AIM OF THE TASK —
Output the data below only from the line containing "Dieser zarte Ring" up to and including the line containing "Farbe des zentralen", exact and with the pictures left out.

EXERCISE INPUT —

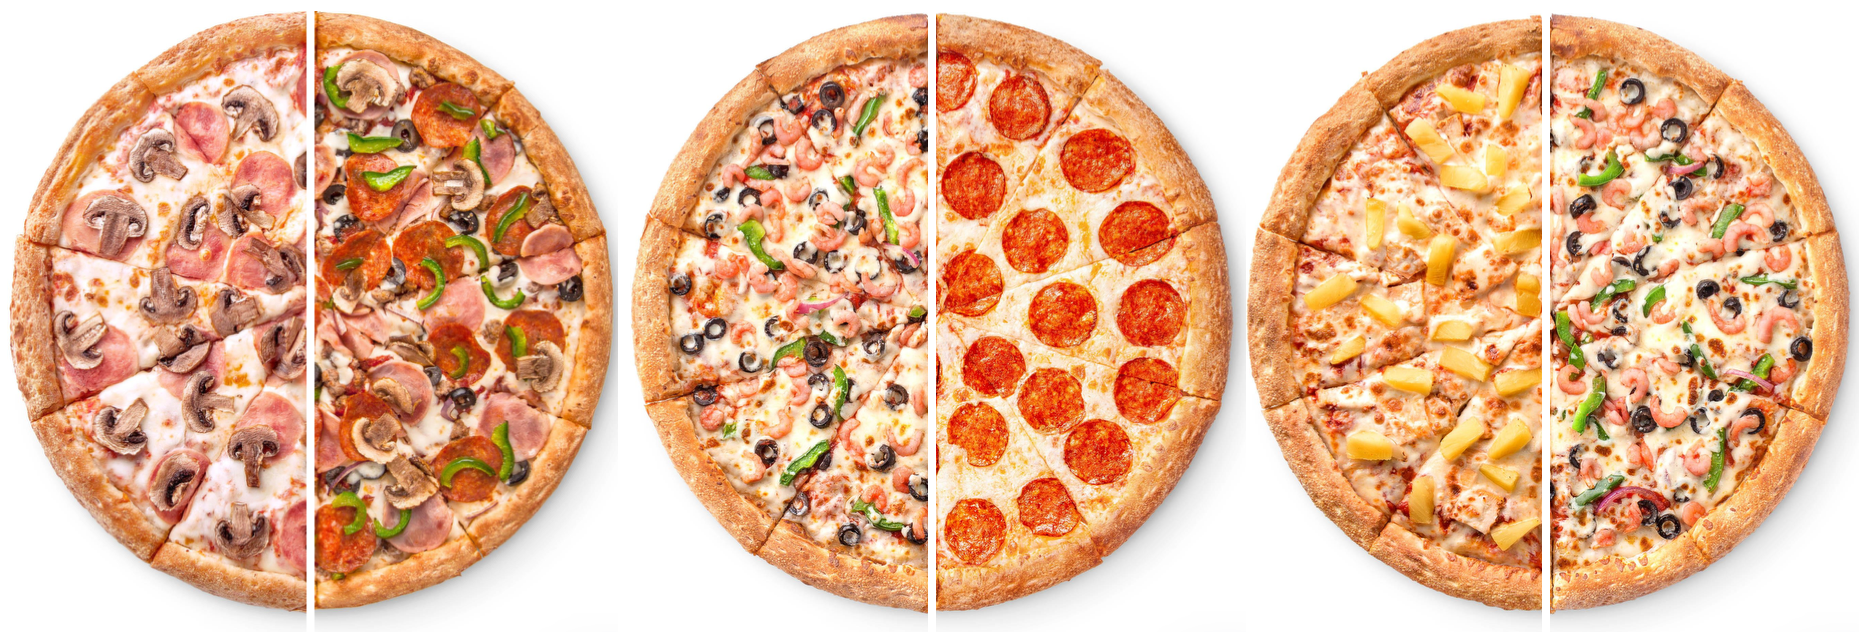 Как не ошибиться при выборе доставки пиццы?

...

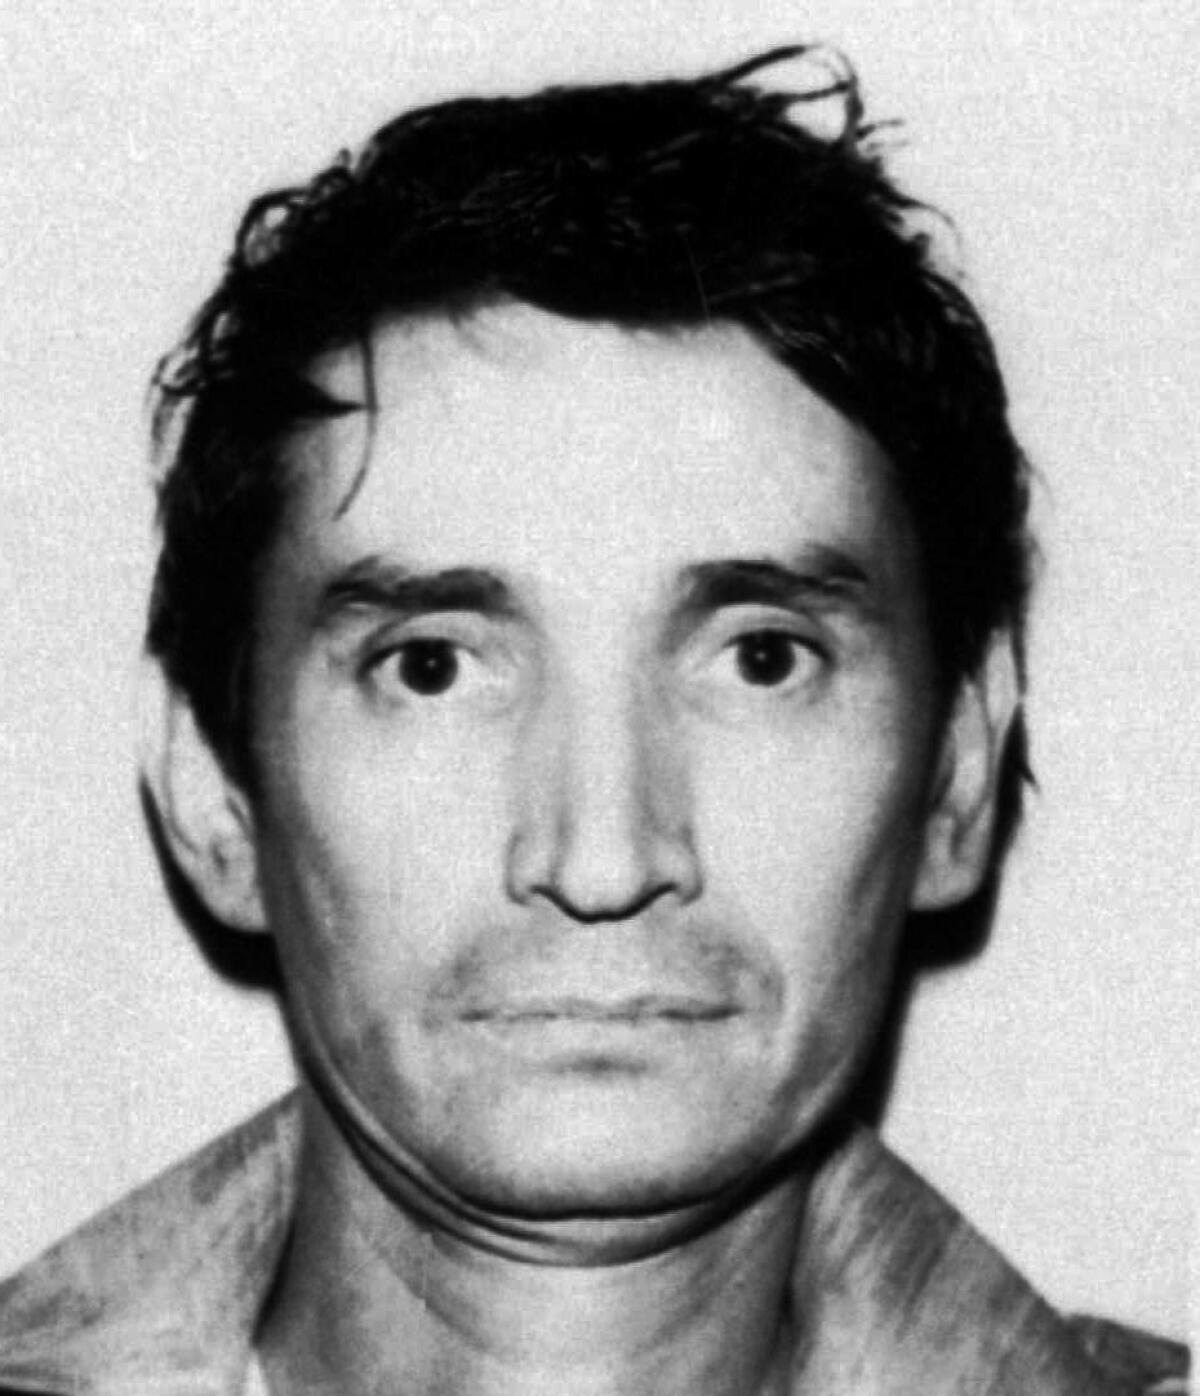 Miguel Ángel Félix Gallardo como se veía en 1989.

---

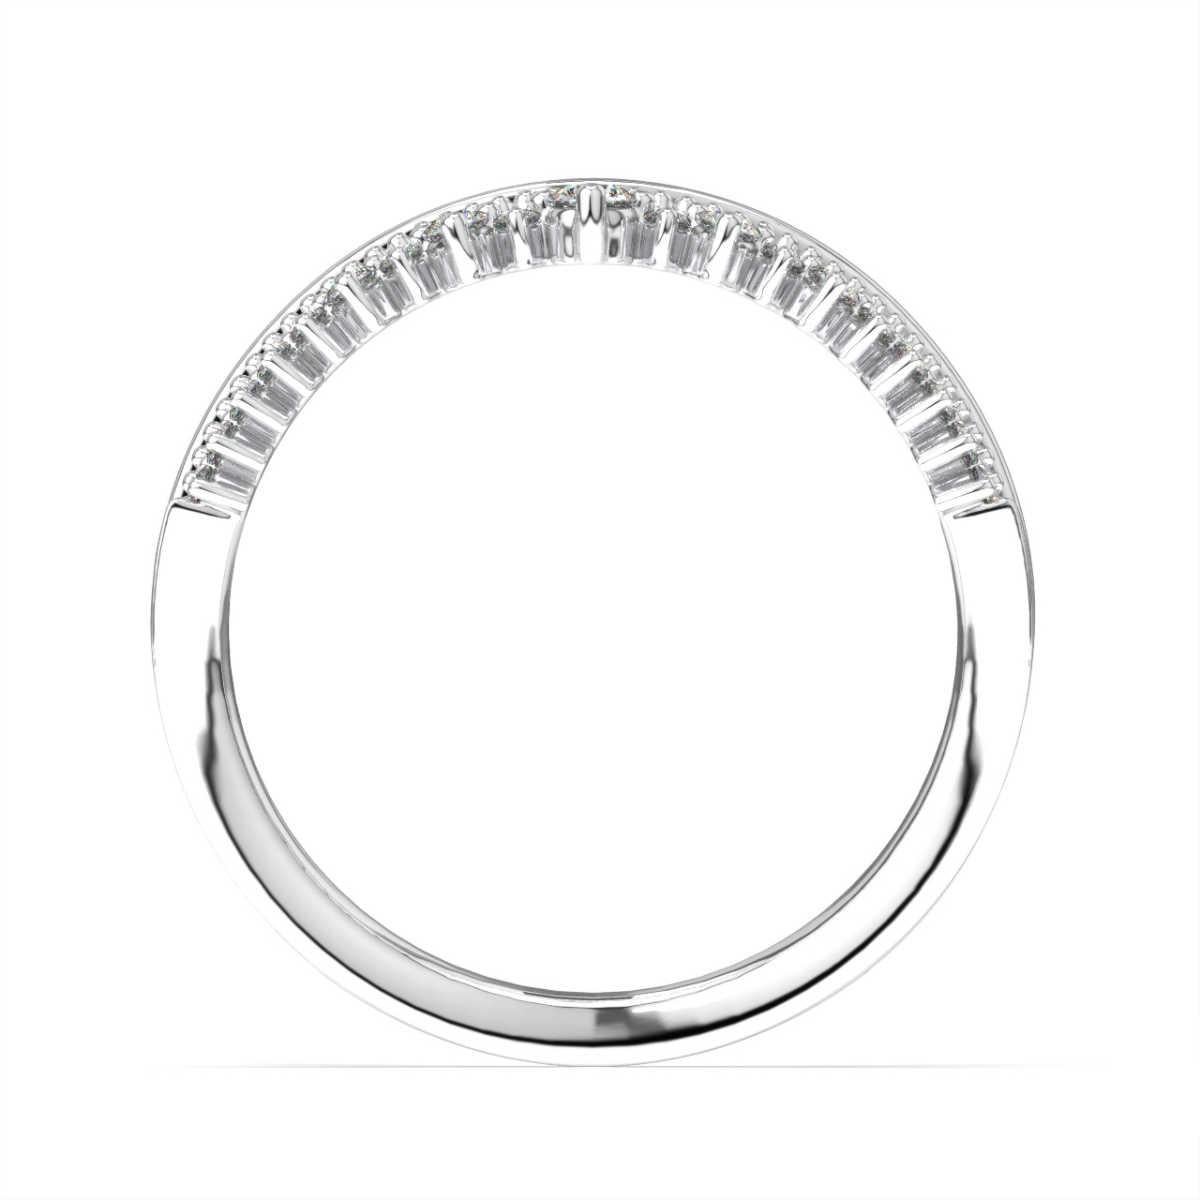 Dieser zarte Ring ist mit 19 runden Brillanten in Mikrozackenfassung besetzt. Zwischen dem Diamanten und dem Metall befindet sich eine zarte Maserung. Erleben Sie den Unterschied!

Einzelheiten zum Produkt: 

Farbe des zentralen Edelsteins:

YOUR RESPONSE —
 Dieser zarte Ring ist mit 19 runden Brillanten in Mikrozackenfassung besetzt. Zwischen dem Diamanten und dem Metall befindet sich eine zarte Maserung. Erleben Sie den Unterschied!

Einzelheiten zum Produkt: 

Farbe des zentralen Edelsteins:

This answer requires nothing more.